Comparison of algorithms shortcomings with PC-SVM model

S. No Algorithms Shortcoming
1 AdaBoost This algorithm is affected by outliers and not effective in predicting the errors but SVM is free from outliers and effective in predicting the software defects [7]
2 CART It has poor modeling with linear data while SVM can work with both linear as well as non-linear datasets [7]
3 KNN It has a high rate of classification in comparison with SVM [7]
4 Neural Network It works good with large datasets and taking time in training the datasets while our model has small datasets for that PC-SVM is better [7]
5 Chao Genetic It has difficulty in providing the optimal solution while PC can provide [7]
6 EM model It also does not guarantee in providing the optimal solution but our model PC-SVM can give [7]

Apart from this, in medical level IoT devices the sensitive data are communicated through an unsecured network.
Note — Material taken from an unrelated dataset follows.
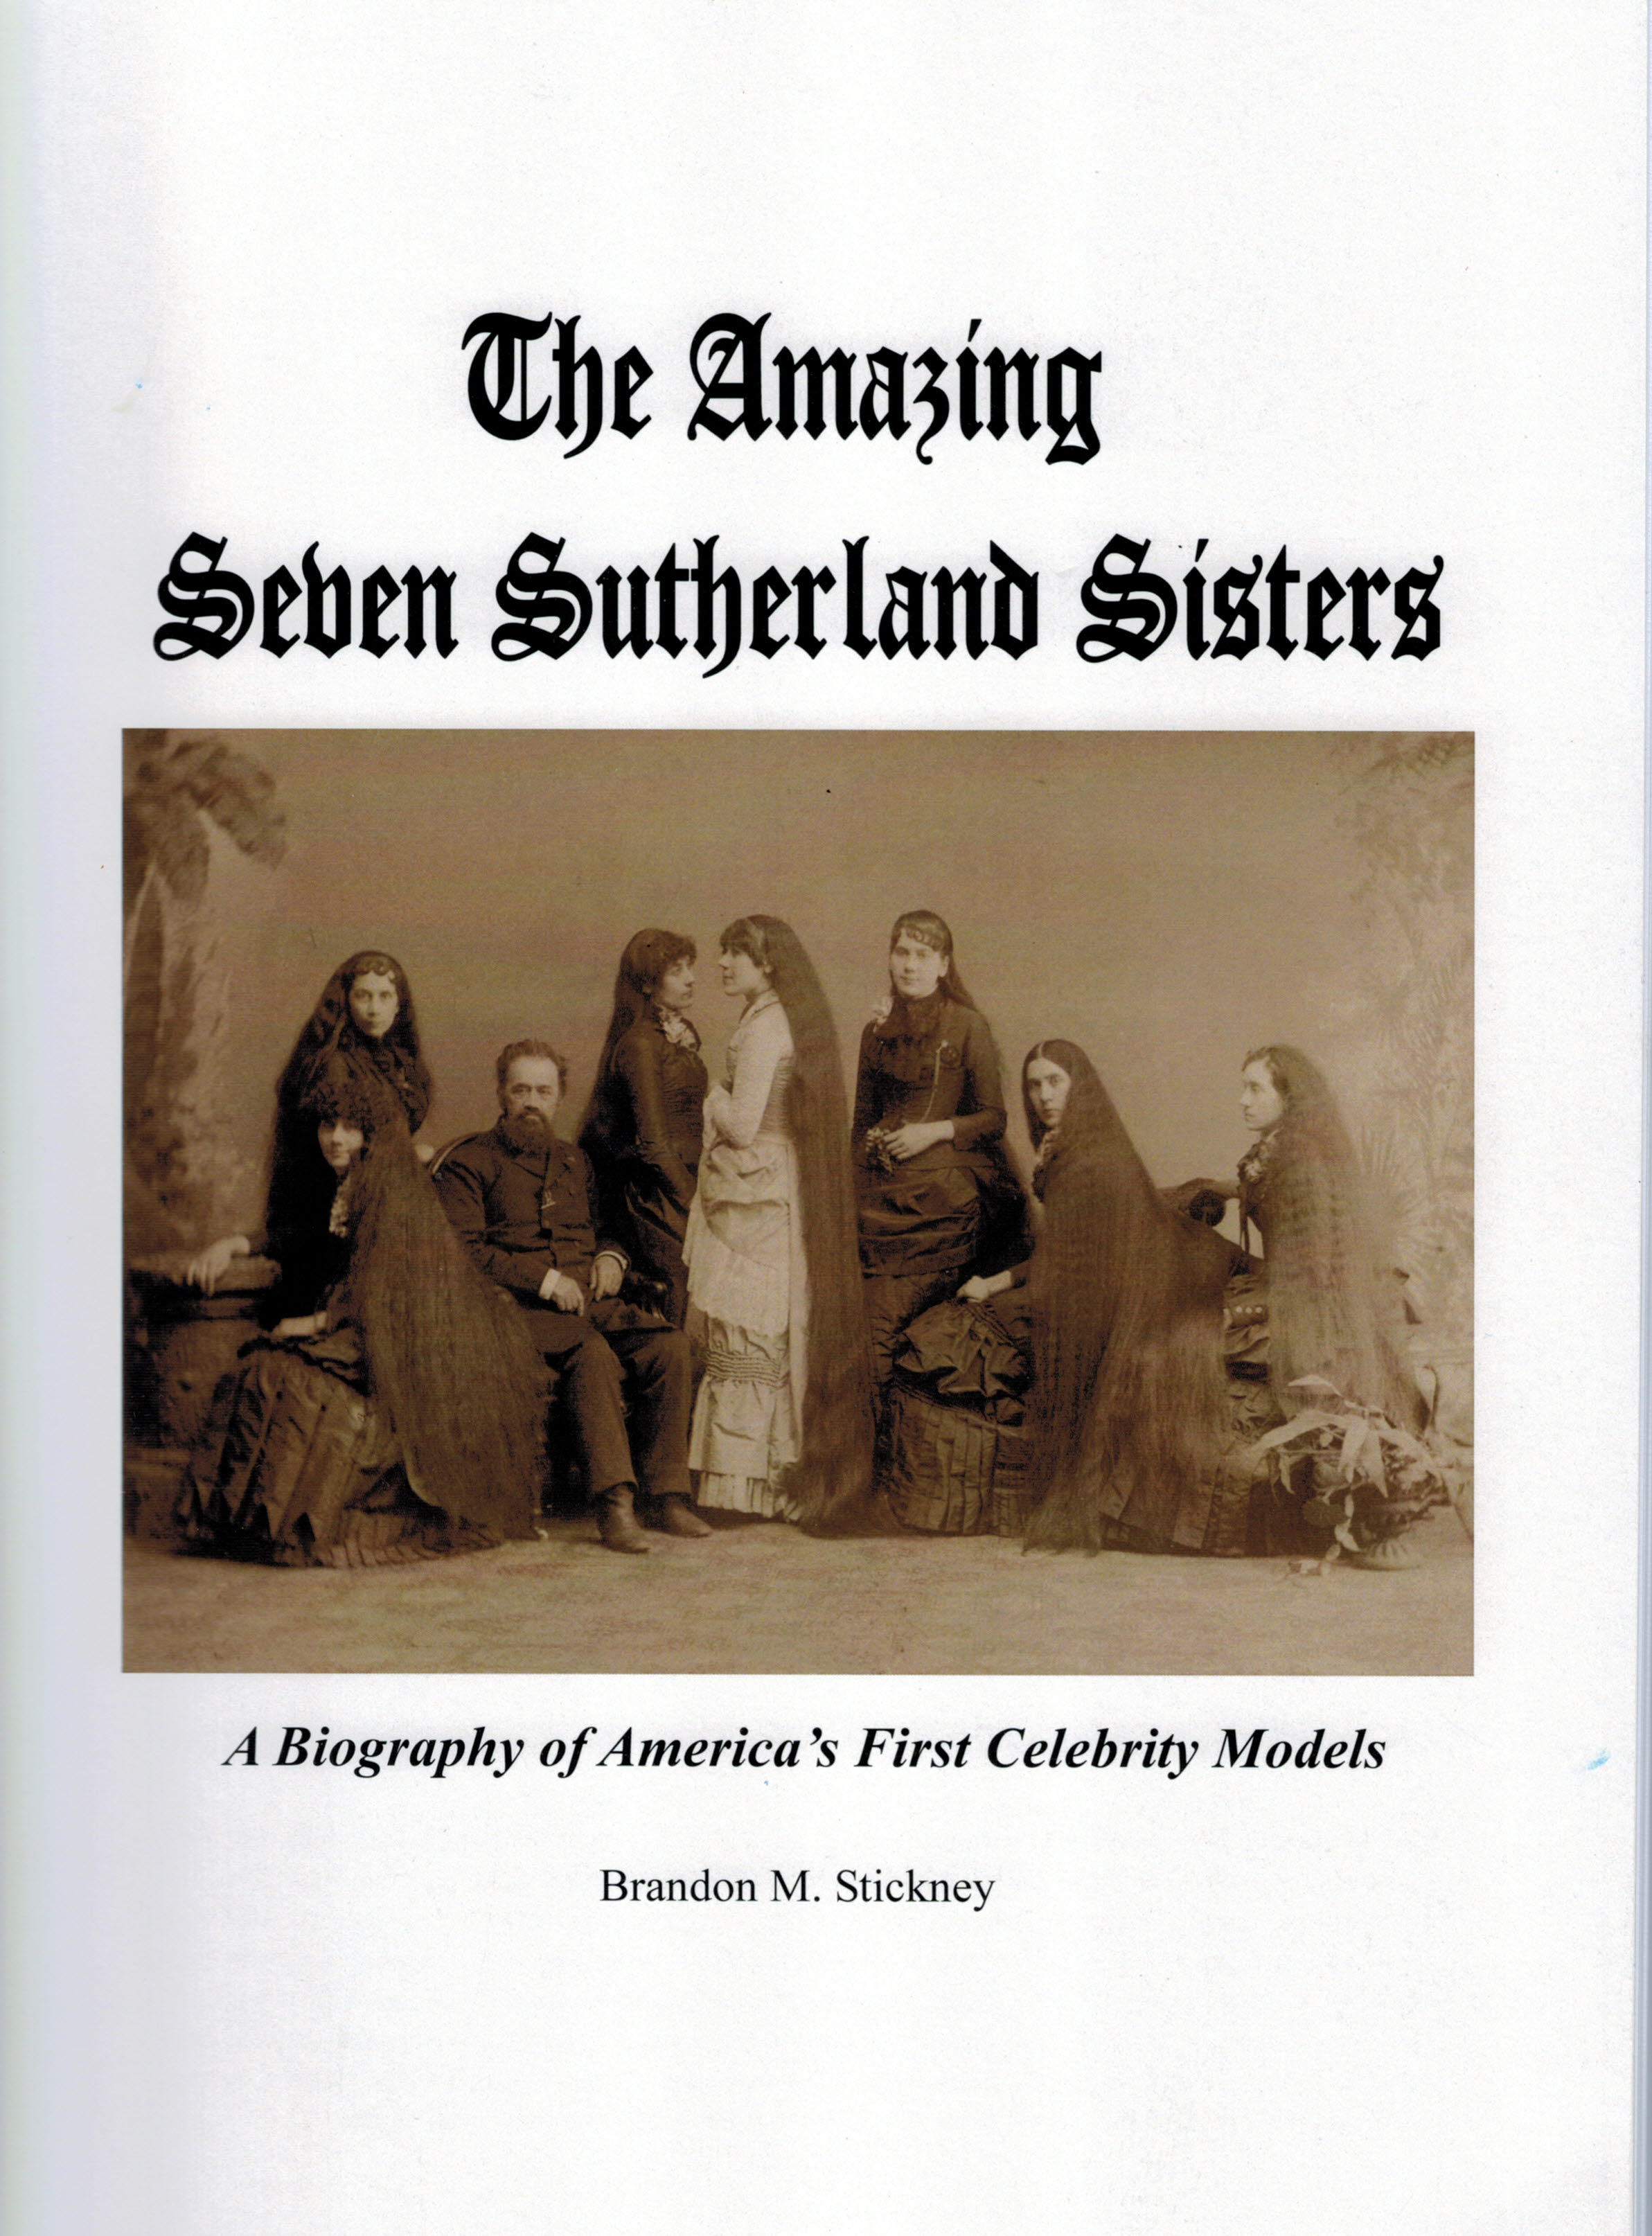 The Amazing Seven Sutherland Sisters Book

Various ML algorithms are using to block the cyberattack as Swarna Priya [29] has used the DNN hybrid model block cybersecurity attacks and intrusion detection in medical-related Internet of Medical Things (IoMT) devices but DNN has limitations of low performance with the noisy data and it requires a high amount of data that works on the large set of data while SVM it is free from the effect of outliers. According to Bhardwaj et al. [30] for blocking cybersecurity attack, the smart contracts decentralized applications the penetrating testing framework is used which can reduce the attacks. Bhattacharya [31] has also said in their manuscript that intrusion detection can be done by a hybrid of PCA-Firefly algorithm that uses for dimensionality reduction for network security. From the above-mentioned algorithms the hybridization with PCA can result more efficient.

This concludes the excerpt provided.